→ **Exercise aim**
Please copy all of the entries exactly, but drop every picture.

★ ★ ★ ★ ★

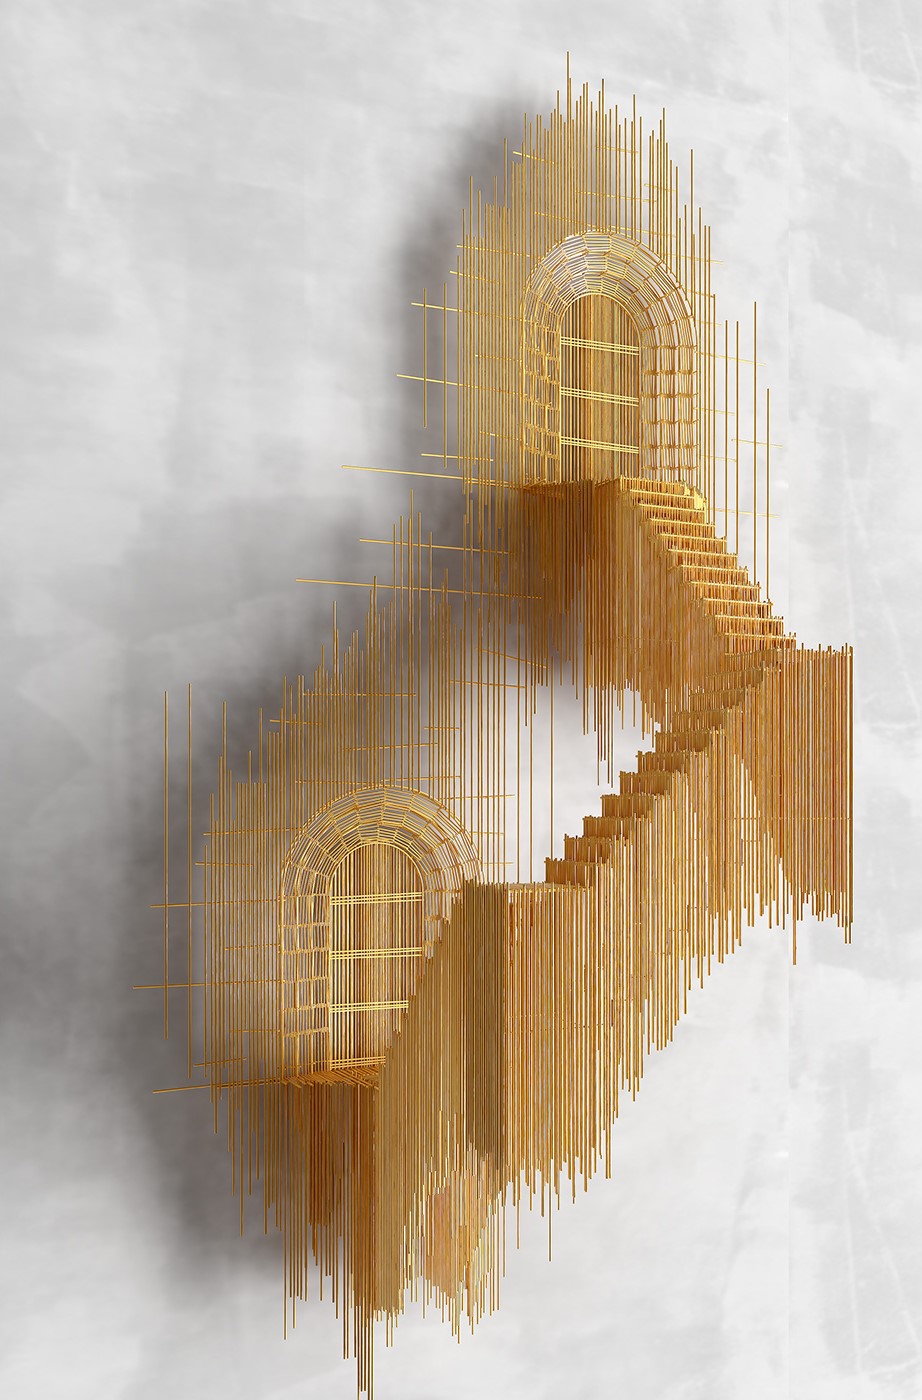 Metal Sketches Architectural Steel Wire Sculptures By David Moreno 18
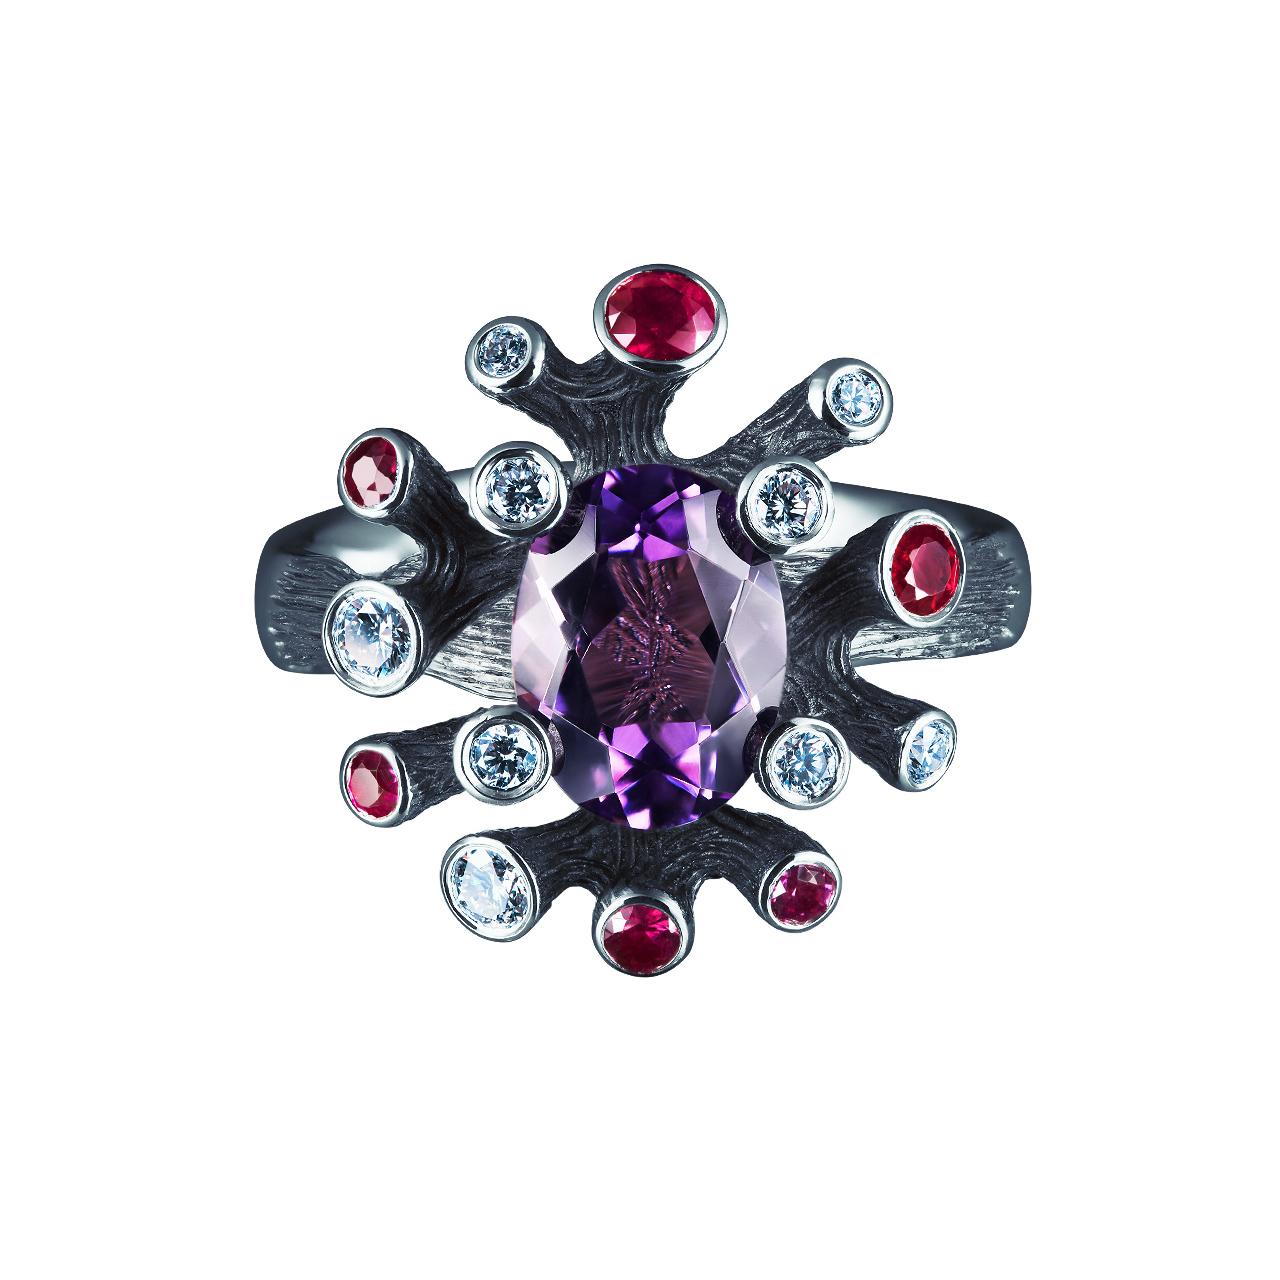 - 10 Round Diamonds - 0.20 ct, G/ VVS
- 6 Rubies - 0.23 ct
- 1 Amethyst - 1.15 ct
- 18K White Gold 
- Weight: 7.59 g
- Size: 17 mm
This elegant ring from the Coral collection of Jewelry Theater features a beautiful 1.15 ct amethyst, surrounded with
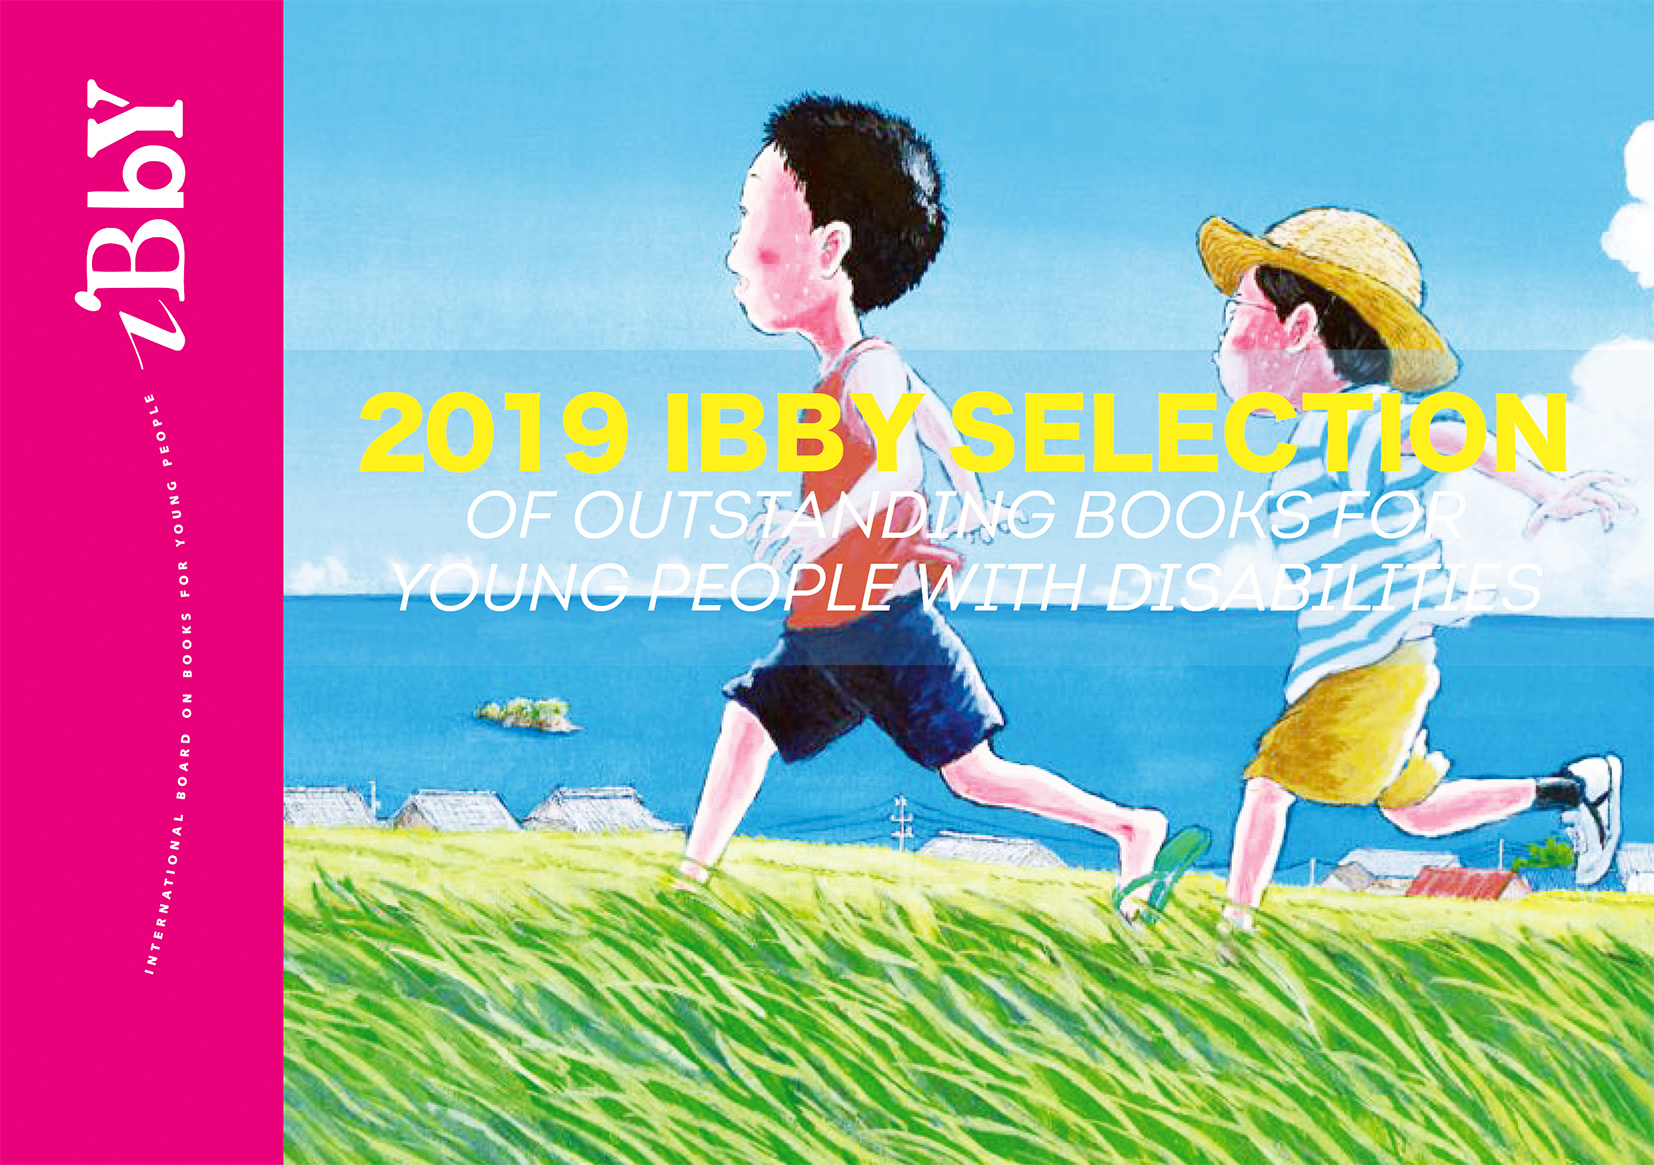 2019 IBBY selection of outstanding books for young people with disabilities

★ ★ ★ ★ ★

→ **Answer to this problem**
 Metal Sketches Architectural Steel Wire Sculptures By David Moreno 18
 - 10 Round Diamonds - 0.20 ct, G/ VVS
- 6 Rubies - 0.23 ct
- 1 Amethyst - 1.15 ct
- 18K White Gold 
- Weight: 7.59 g
- Size: 17 mm
This elegant ring from the Coral collection of Jewelry Theater features a beautiful 1.15 ct amethyst, surrounded with
 2019 IBBY selection of outstanding books for young people with disabilities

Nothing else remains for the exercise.